What is needed: Quote all lines below exactly. Images stay out.

Dataset excerpt:
___
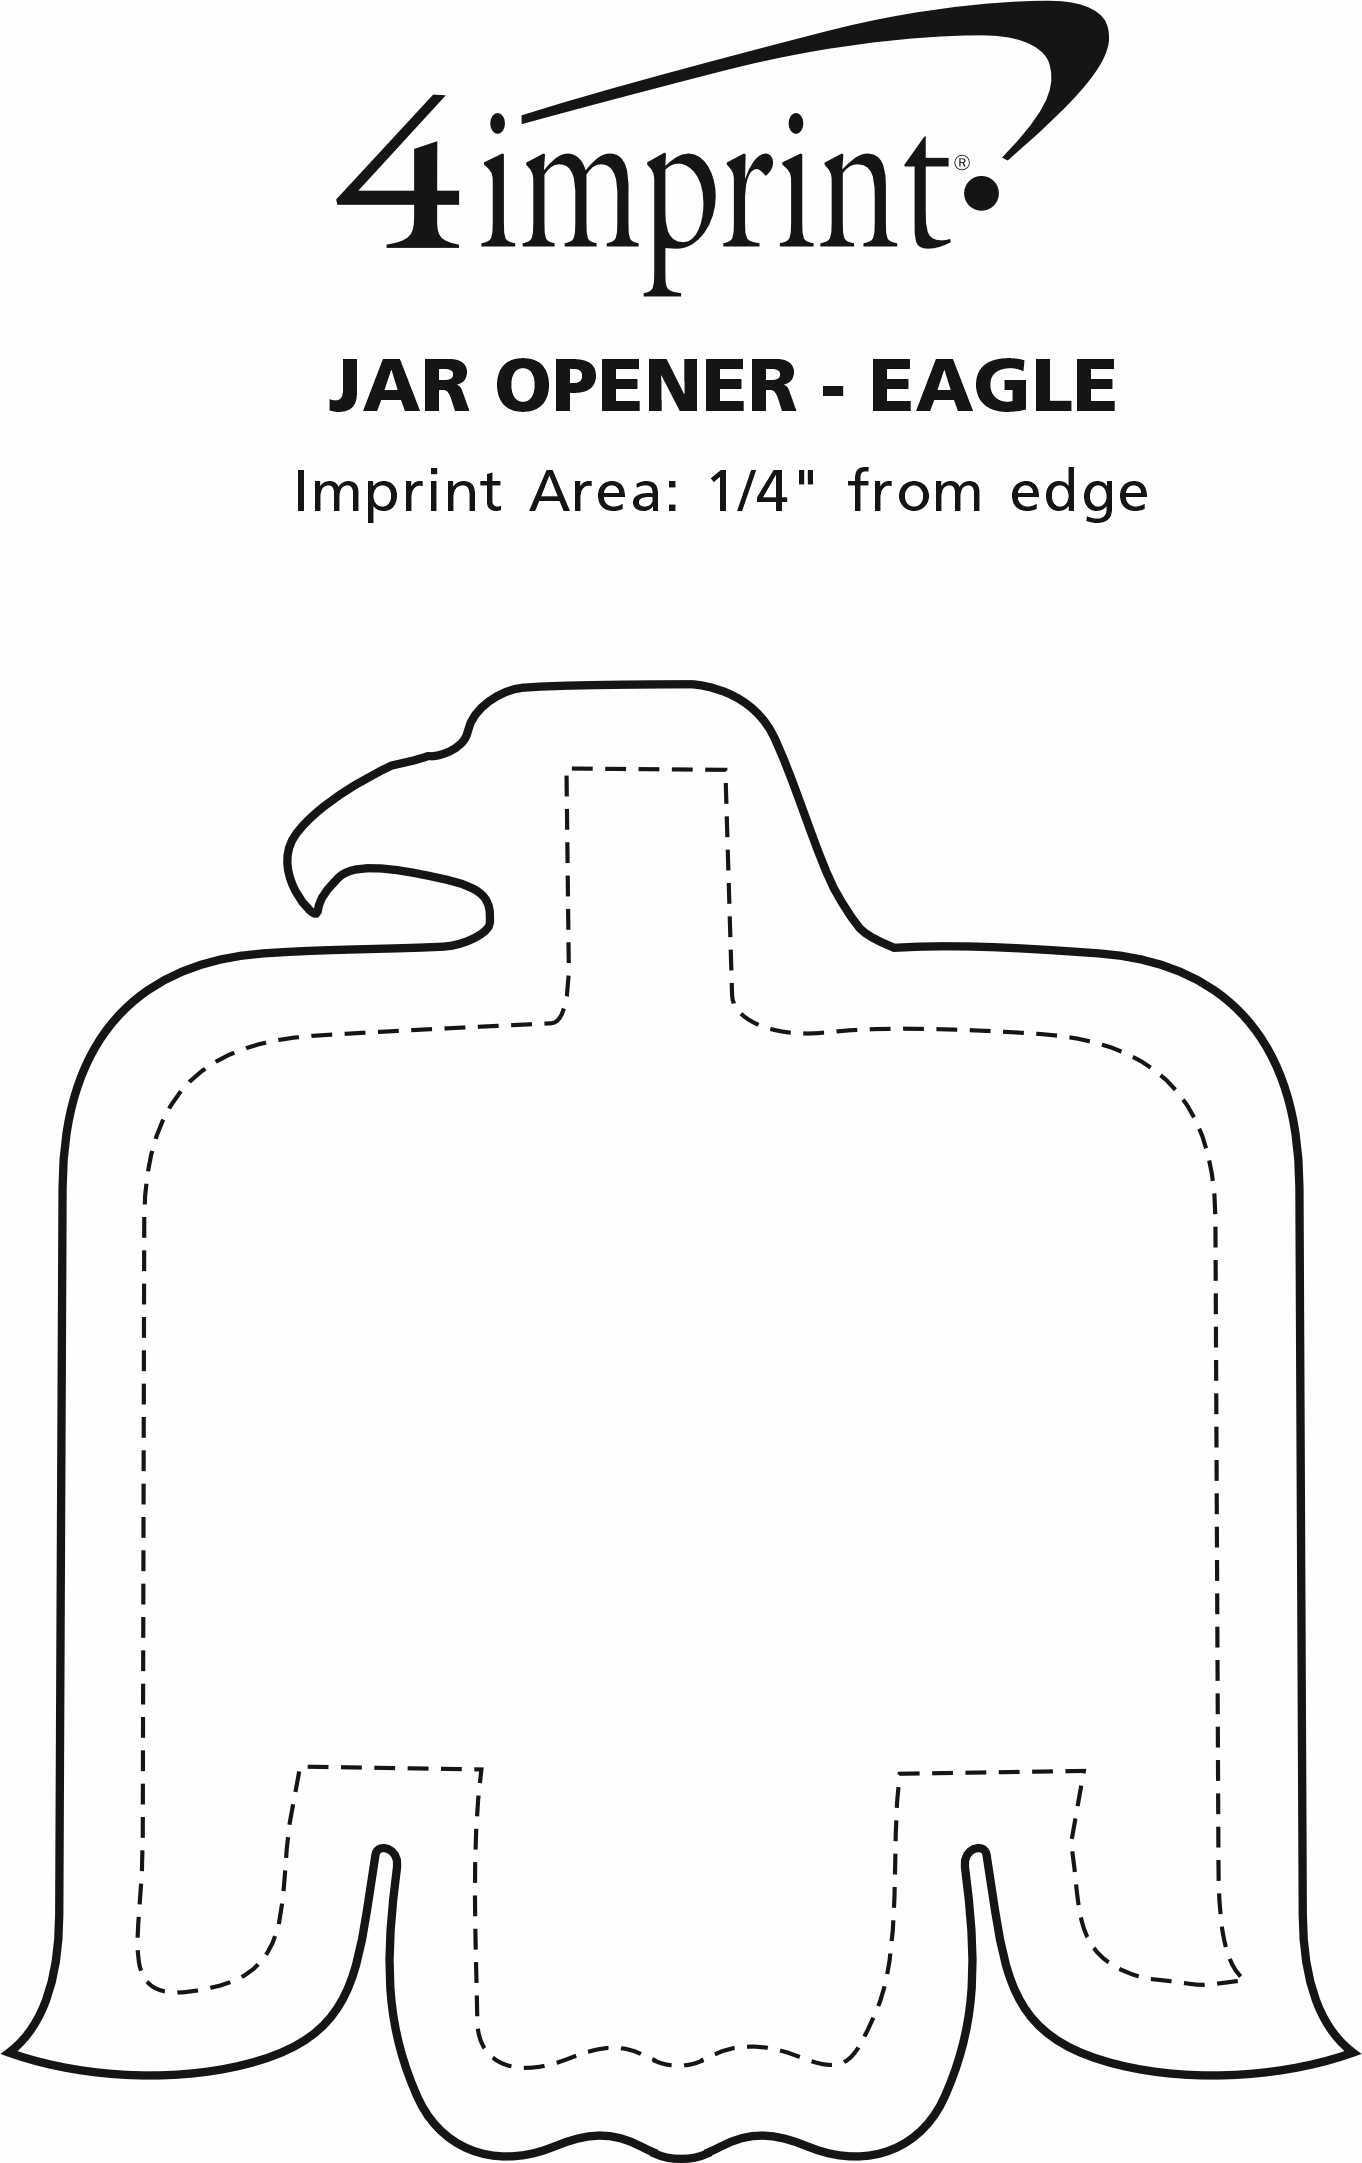 Imprint Area of Jar Opener - Eagle
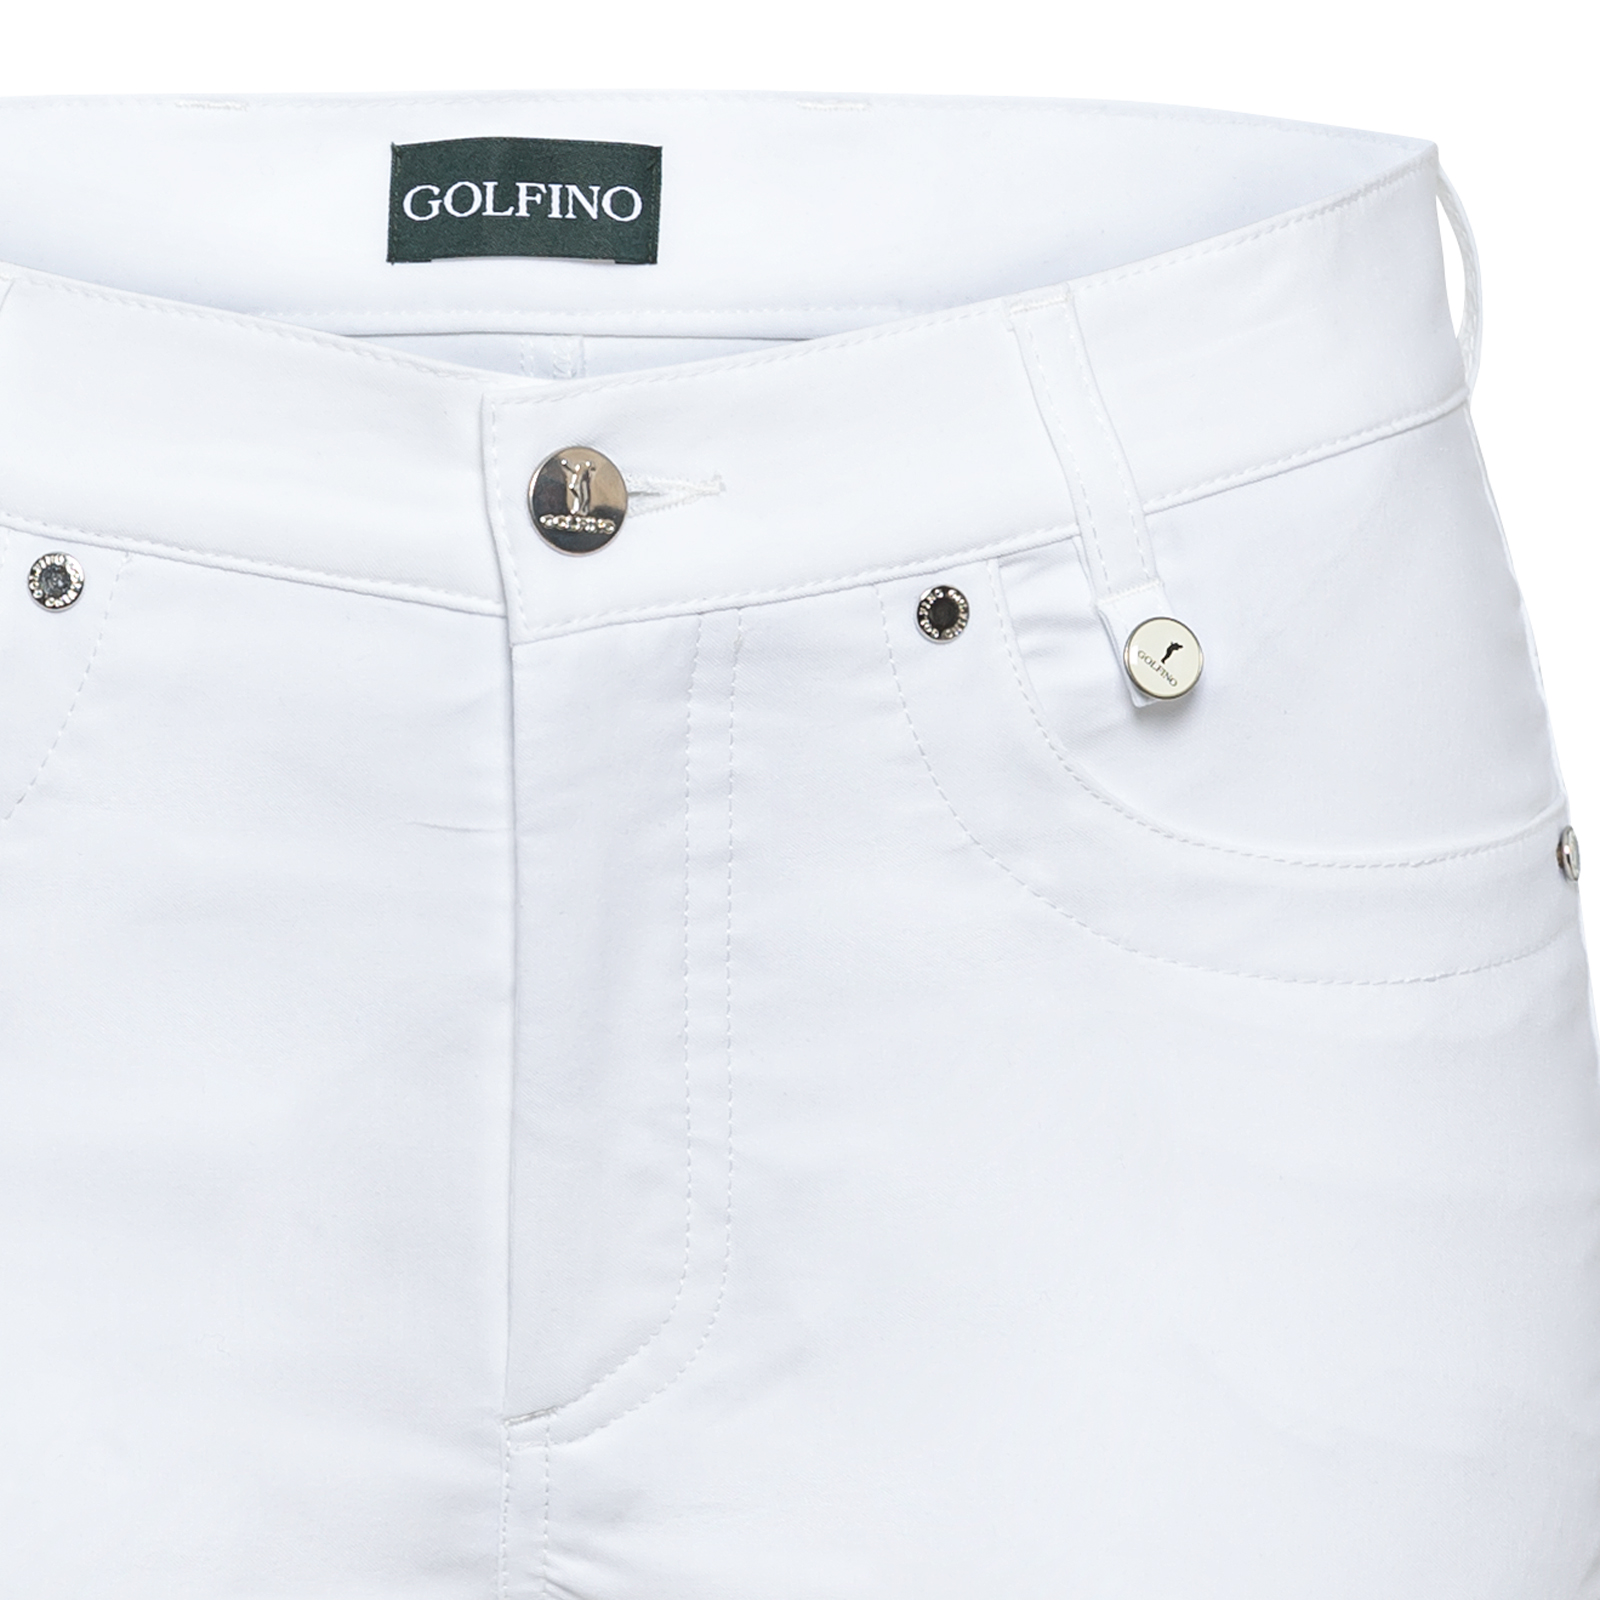 Ladies' lightweight stretch capri-style golf trousers
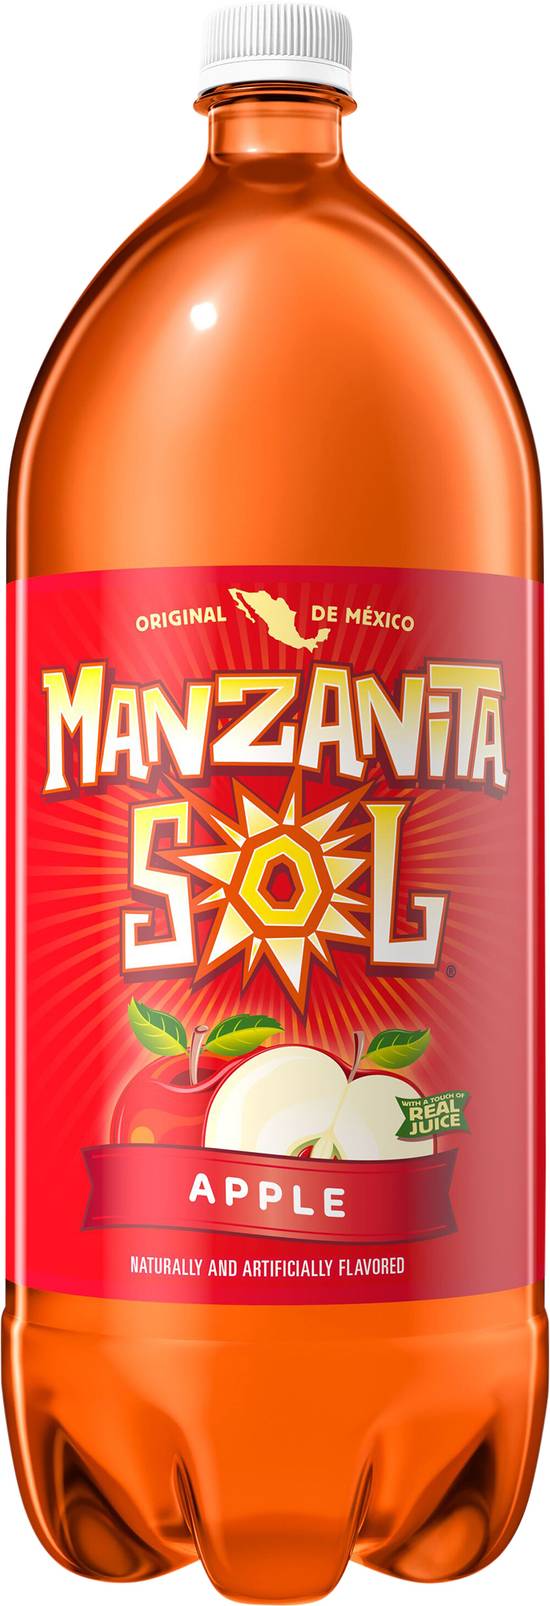 Manzanita Sol Apple Flavored Soda (2 L)
___
Output for this task:
 Imprint Area of Jar Opener - Eagle
 Ladies' lightweight stretch capri-style golf trousers
 Manzanita Sol Apple Flavored Soda (2 L)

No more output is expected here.